Characterizing Overload in Inertial Flywheel Devices for Use in Exercise Training

• Main Authors: Carroll, Kevin M., Wagle, John P., Sato, Kimitake, Taber, Christopher B., Yoshida, Nobushisa, Bingham, Garett E., Stone, Michael H.
• Published: Digital Commons @ East Tennessee State University 2018
• Subjects: resistance training; squat; kinetics; muscle activation; velocity; Sport Exercise Recreation and Kinesiology; Exercise Physiology; Sports Sciences
• Online Access: https://dc.etsu.edu/etsu-works/6287; https://doi.org/10.1080/14763141.2018.1433715

The purposes of this investigation were to: (1) assess kinetic characteristics of overload, (2) examine eccentric and concentric muscle activations and (3) explore velocity measurement as a method of intensity prescription in inertial flywheel squat training.
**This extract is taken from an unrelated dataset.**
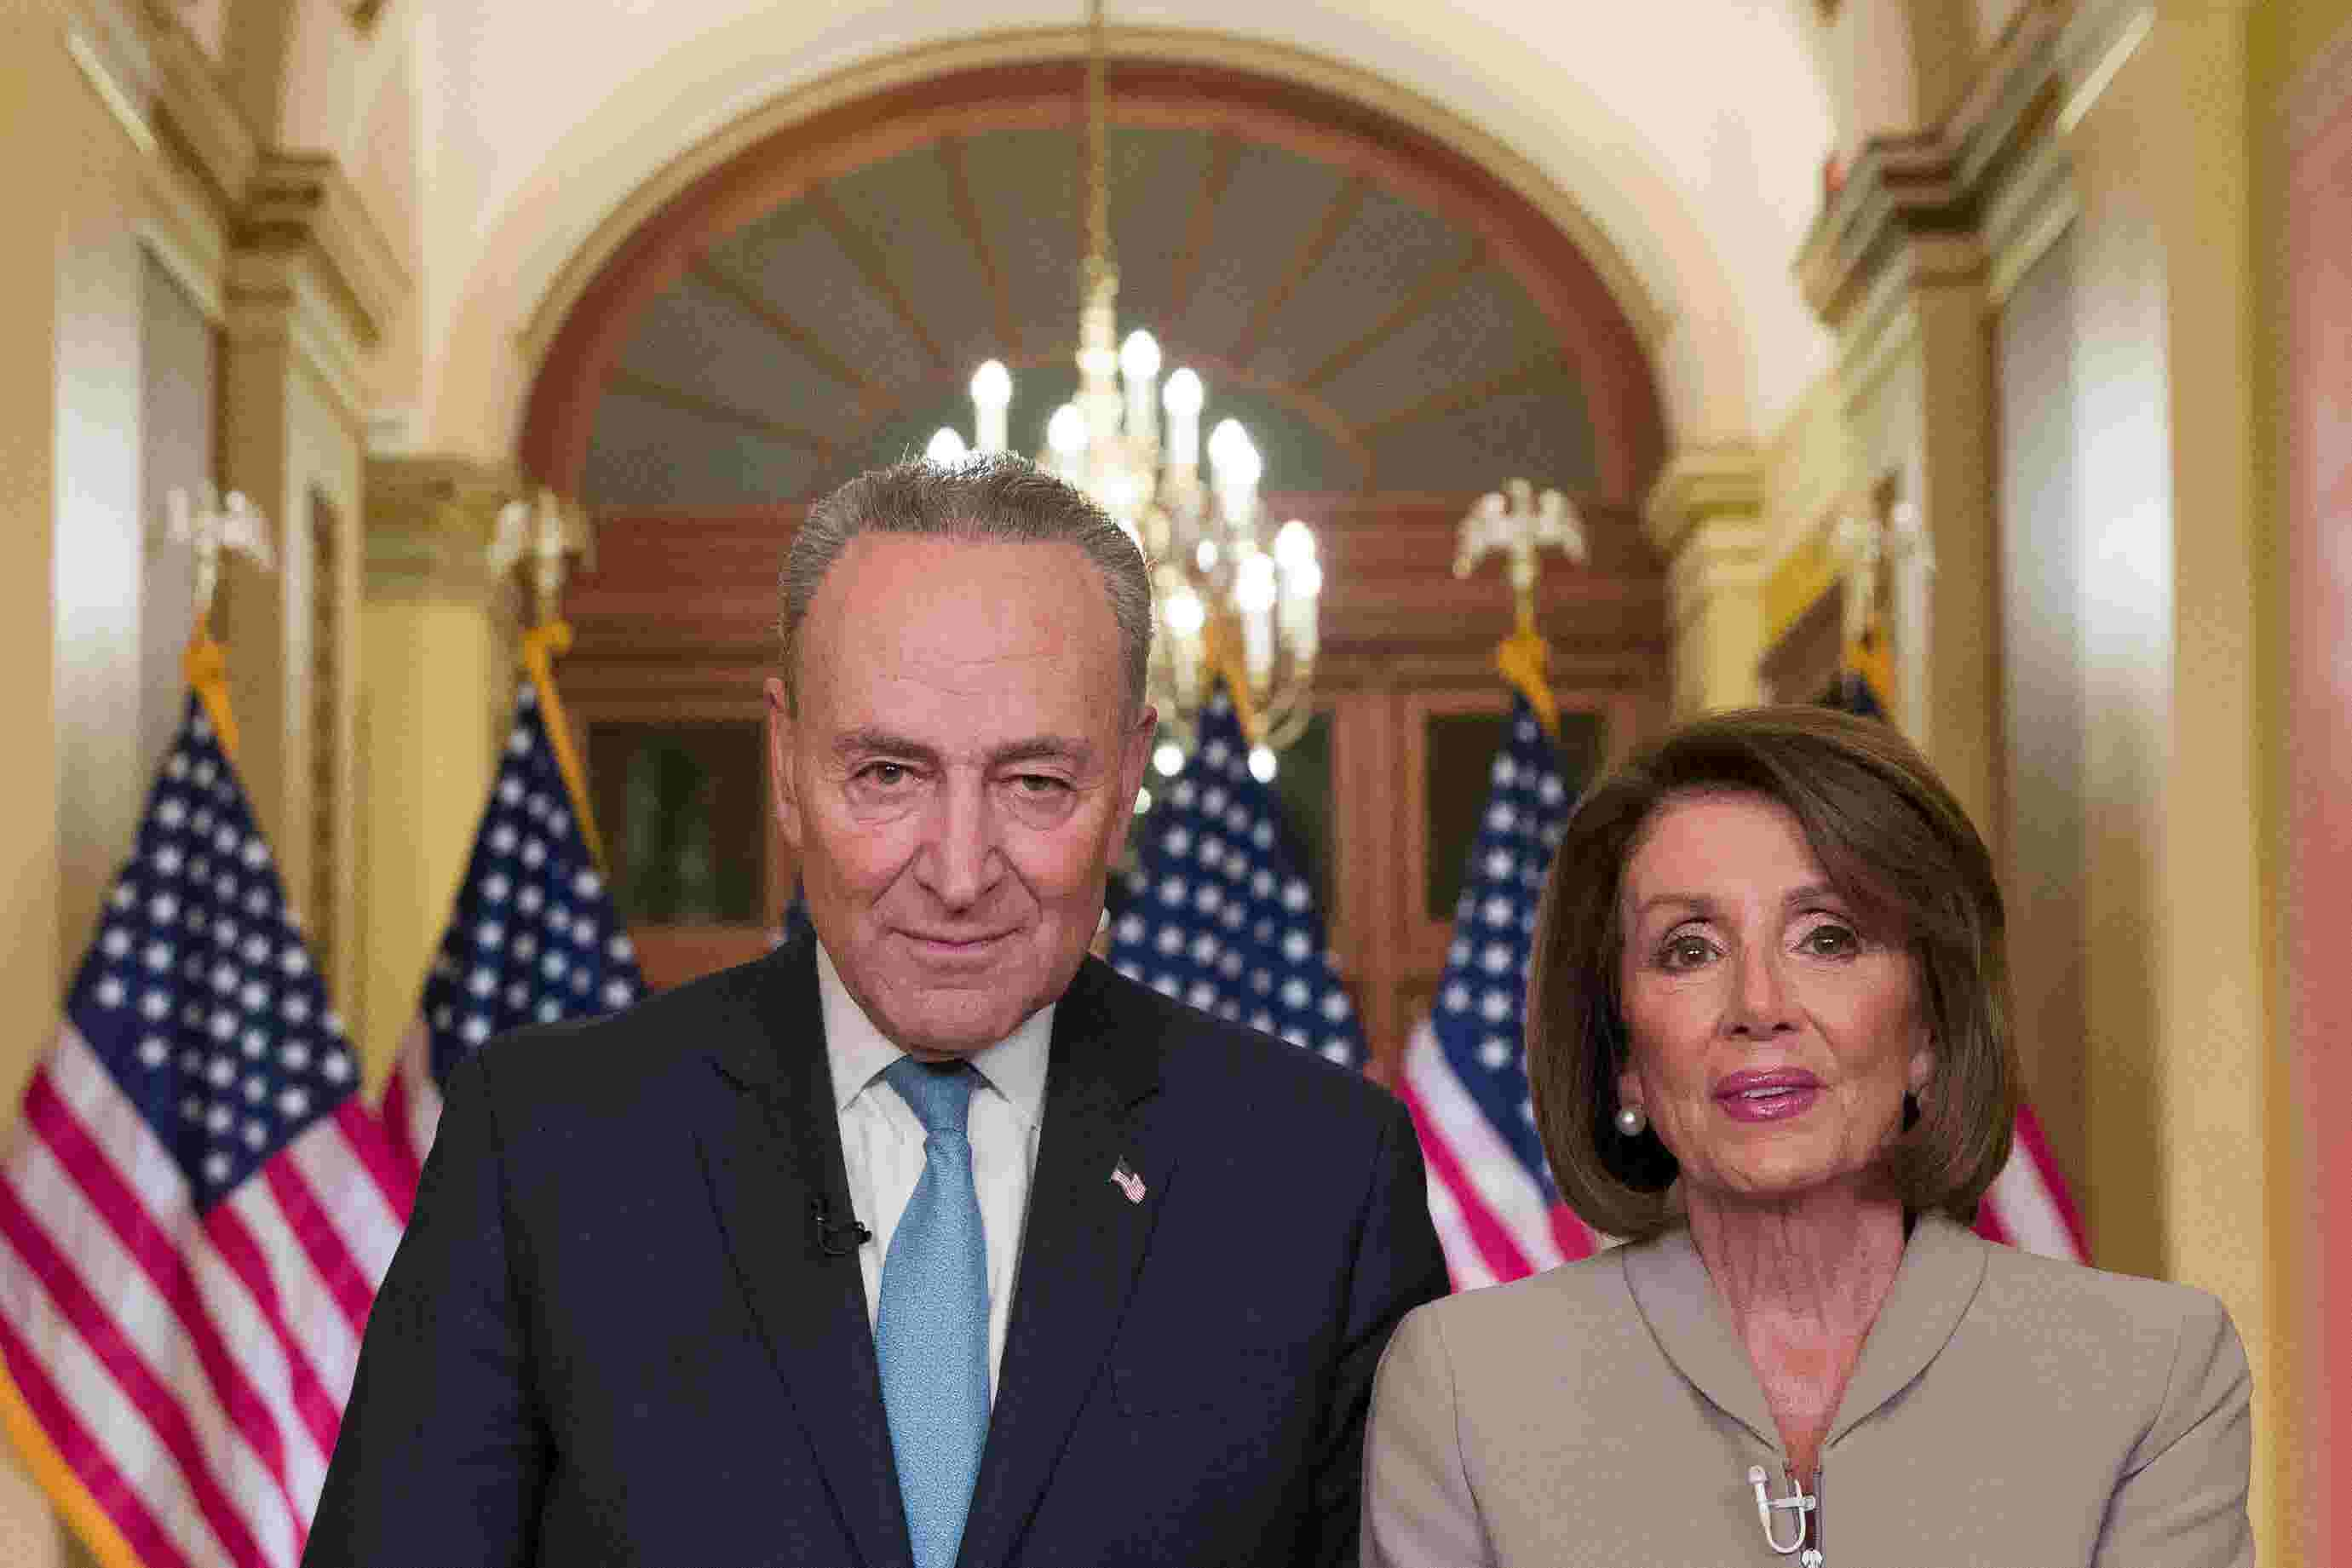 Trump Speech Twitter Jokes About Schumer Pelosi American Gothic Vibe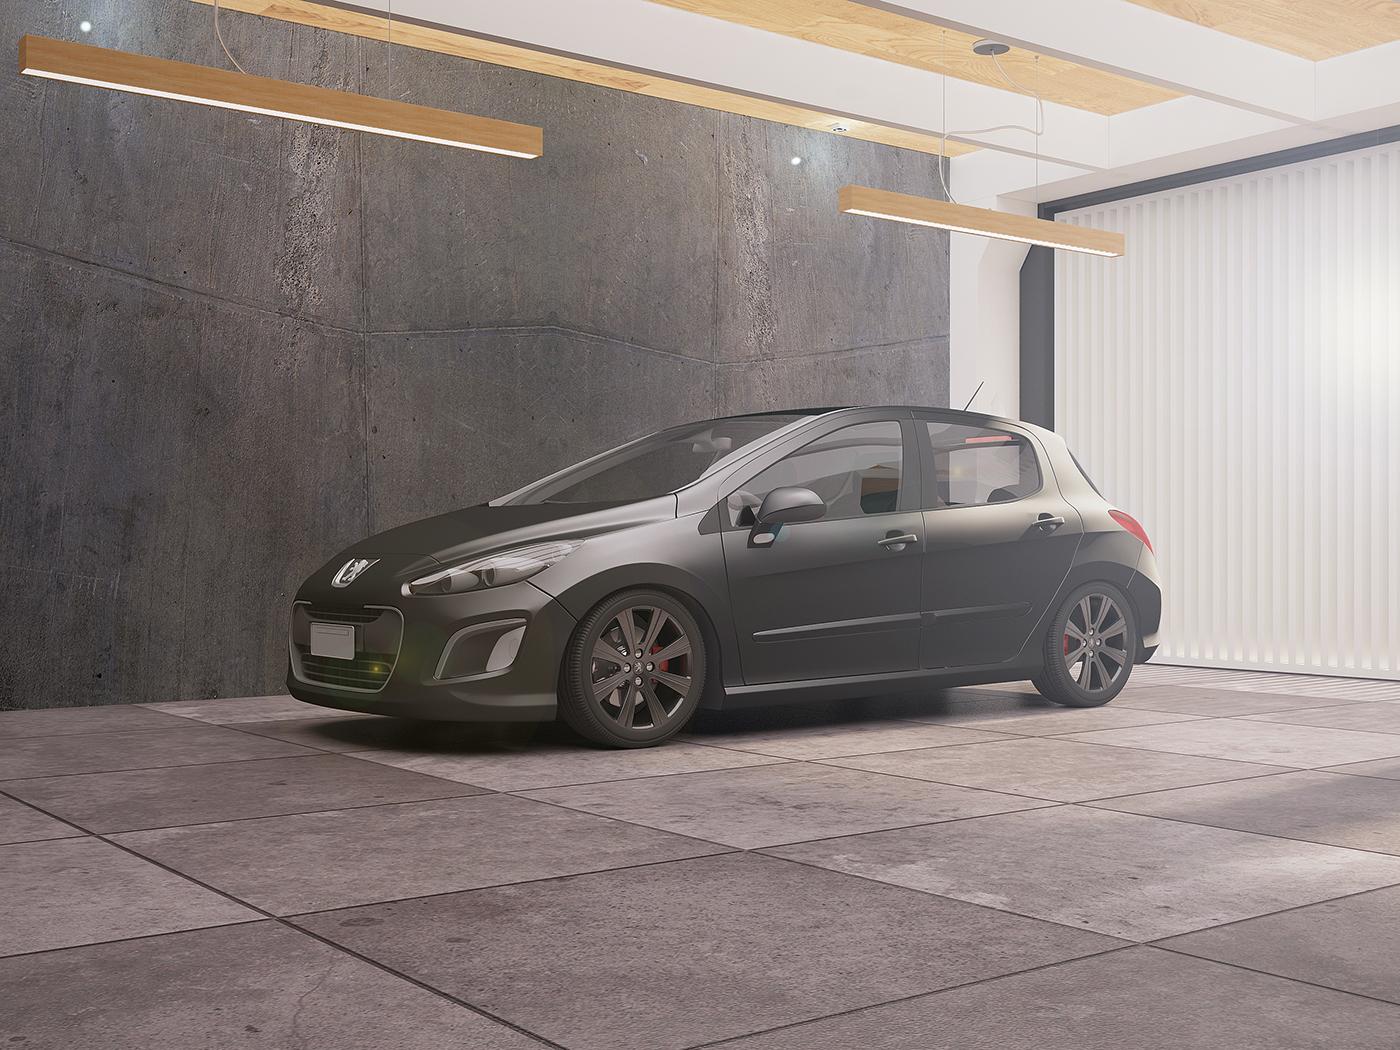 Peugeot 308 Vehicle CGI Render 3D

A series of two experiments were performed: one assessing kinetic and muscle activation characteristics of flywheel squat training using three progressive inertial loads. The second experiment assessed inertial load-velocity relationships using six progressive inertial loads. Peak force, net impulse, positive–negative impulse ratio and positive–negative impulse duration ratio were each statistically significant between all three load conditions (p < 0.05). Concentric vastus lateralis muscle activation was the only significant increase between inertial loads (p < 0.05). Although not statistically significant, concentric quadricep muscle activation was increased from the lowest to highest inertia. Conversely, eccentric quadricep muscle activation was reduced from the lowest to highest inertia. In the second experiment, statistically significant regression equations were observed for average concentric velocity (R2 = 0.66) and peak concentric velocity (R2 = 0.60). In conclusion, our results indicate (1) overload is possible kinetically, (2) phase-specific muscle activation responds differently to increased inertia and (3) velocity has the potential to be used for load prescription in the inertial flywheel squat.